There is a related problem with the way double-splat and regular keyword arguments interact that should be fixed anyway.

Updated by gisborne (Guyren Howe) almost 8 years ago

#12522 is a related issue; keyword arguments lvalues have a related issue.

Updated by matz (Yukihiro Matsumoto) over 7 years ago

  • Status changed from Open to Closed

I am not sure what we gain comparing to

def controller **context
  if context.key?(:name)
    ...
  end
end

Is this worth adding new syntax? If you think you can persuade me, please reopen.

Matz.

Updated by joker1007 (Tomohiro Hashidate) over 7 years ago

I want this feature.
Keyword argument is safer and more explanatory than splat style.
But I sometimes want to pass whole arguments to other methods.

Example.
CLI gem that uses AWS api and accepts api key, secret key, region, and endpoint as command options.

class KMS
  def initialize(key_id, region:, access_key_id: nil, secret_access_key: nil)
    @client = Aws::KMS::Client.new({
      region: region,
      access_key_id: access_key_id,
      secret_access_key: secret_access_key,
    })
    @key_id = key_id
  end

  def encrypt(value)
    resp = @client.encrypt(key_id: @key_id, plaintext: YAML.dump(value))
    Base64.strict_encode64(resp.ciphertext_blob)
  end

  def decrypt(value)
    resp = @client.decrypt(ciphertext_blob: Base64.strict_decode64(value))
    YAML.load(resp.plaintext)
  end
end

If I can use __keyargs__ (tentative name), I can omit redundant lines.

class KMS
  def initialize(key_id, region:, access_key_id: nil, secret_access_key: nil)
    @client = Aws::KMS::Client.new(__keyargs__) # simple
    @key_id = key_id
  end

  # ...

This example has few args, but I sometimes needs so many args when I kick complicated web API.

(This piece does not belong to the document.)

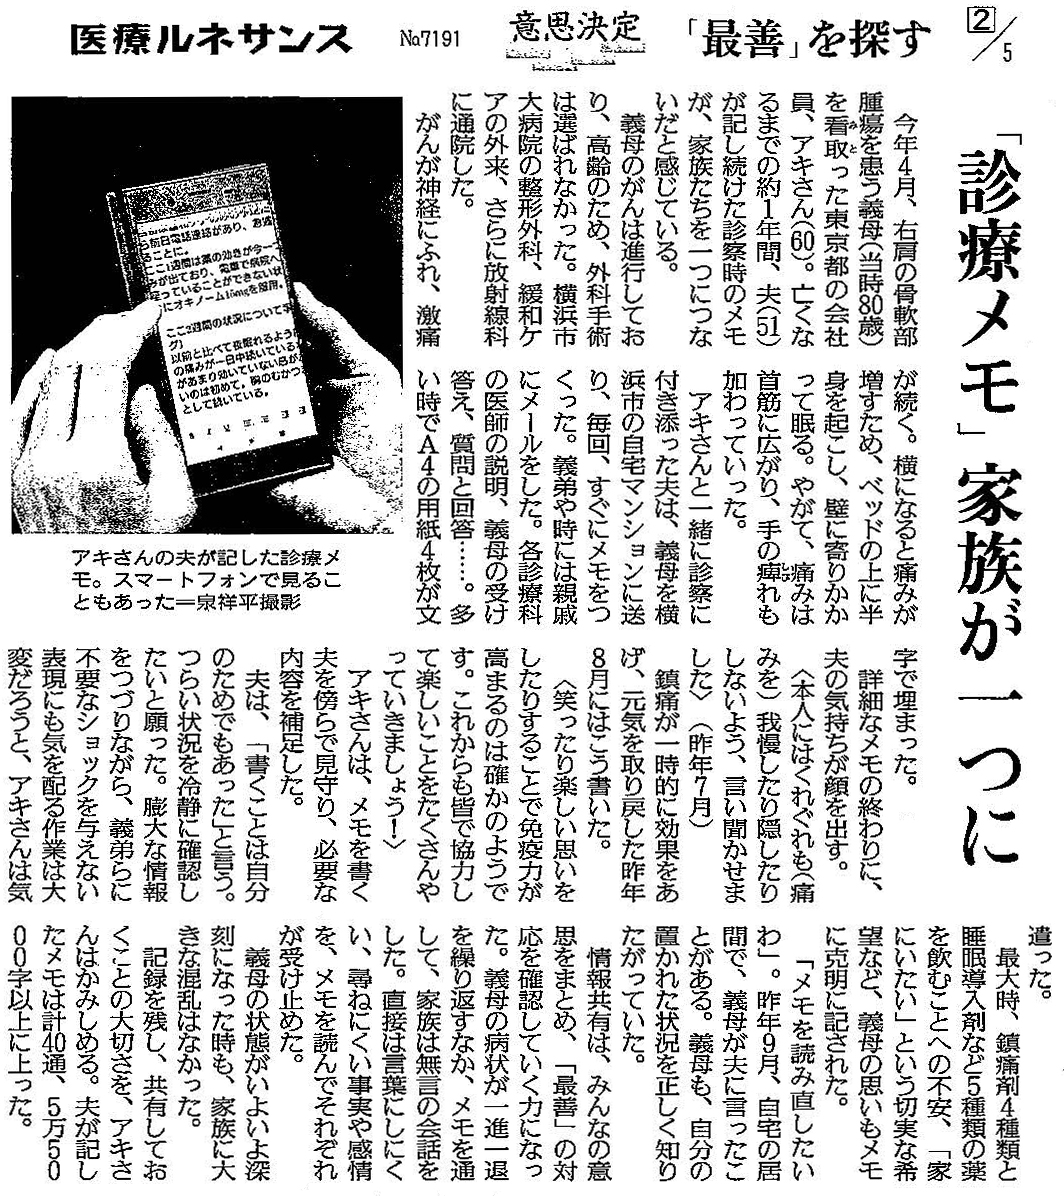 読売新聞 2019年12月24日掲載記事

Updated by Eregon (Benoit Daloze) over 7 years ago

Tomohiro Hashidate wrote:

I want this feature.
Keyword argument is safer and more explanatory than splat style.
But I sometimes want to pass whole arguments to other methods.

Example.
CLI gem that uses AWS api and accepts api key, secret key, region, and endpoint as command options.

class KMS
  def initialize(key_id, region:, access_key_id: nil, secret_access_key: nil)
    @client = Aws::KMS::Client.new({
      region: region,
      access_key_id: access_key_id,
      secret_access_key: secret_access_key,
    })
    @key_id = key_id
  end
  # ...
end

If I can use __keyargs__ (tentative name), I can omit redundant lines.

class KMS
  def initialize(key_id, region:, access_key_id: nil, secret_access_key: nil)
    @client = Aws::KMS::Client.new(__keyargs__) # simple
    @key_id = key_id
  end

  # ...

Why is it better than this?

class KMS
  def initialize(key_id, **auth)
    @client = Aws::KMS::Client.new(**auth) # simple
    @key_id = key_id
  end

  # ...

It seems to me the Aws::KMS::Client should validate its arguments anyway, and this also reduces duplication.
If a different API must be provided for KMS#initialize, then I think the explicit style is much better as it's less magic and error-prone.

Updated by Eregon (Benoit Daloze) over 7 years ago

Guyren Howe wrote:

def render name::, something::, foo::, **context
   now use foo 
end

So this would be syntactic sugar for essentially this?

def render **context
  name = context.fetch :name
  something = context.fetch :something
  foo = context.fetch :foo
   now use foo 
end

It's true that's it's verbose.
I'm not particularly fond of double or triple operators with slightly different semantics though.

From a design point of view, it seems a parameter object would work well here,
and would potentially avoid conflicts for two :name with different meaning.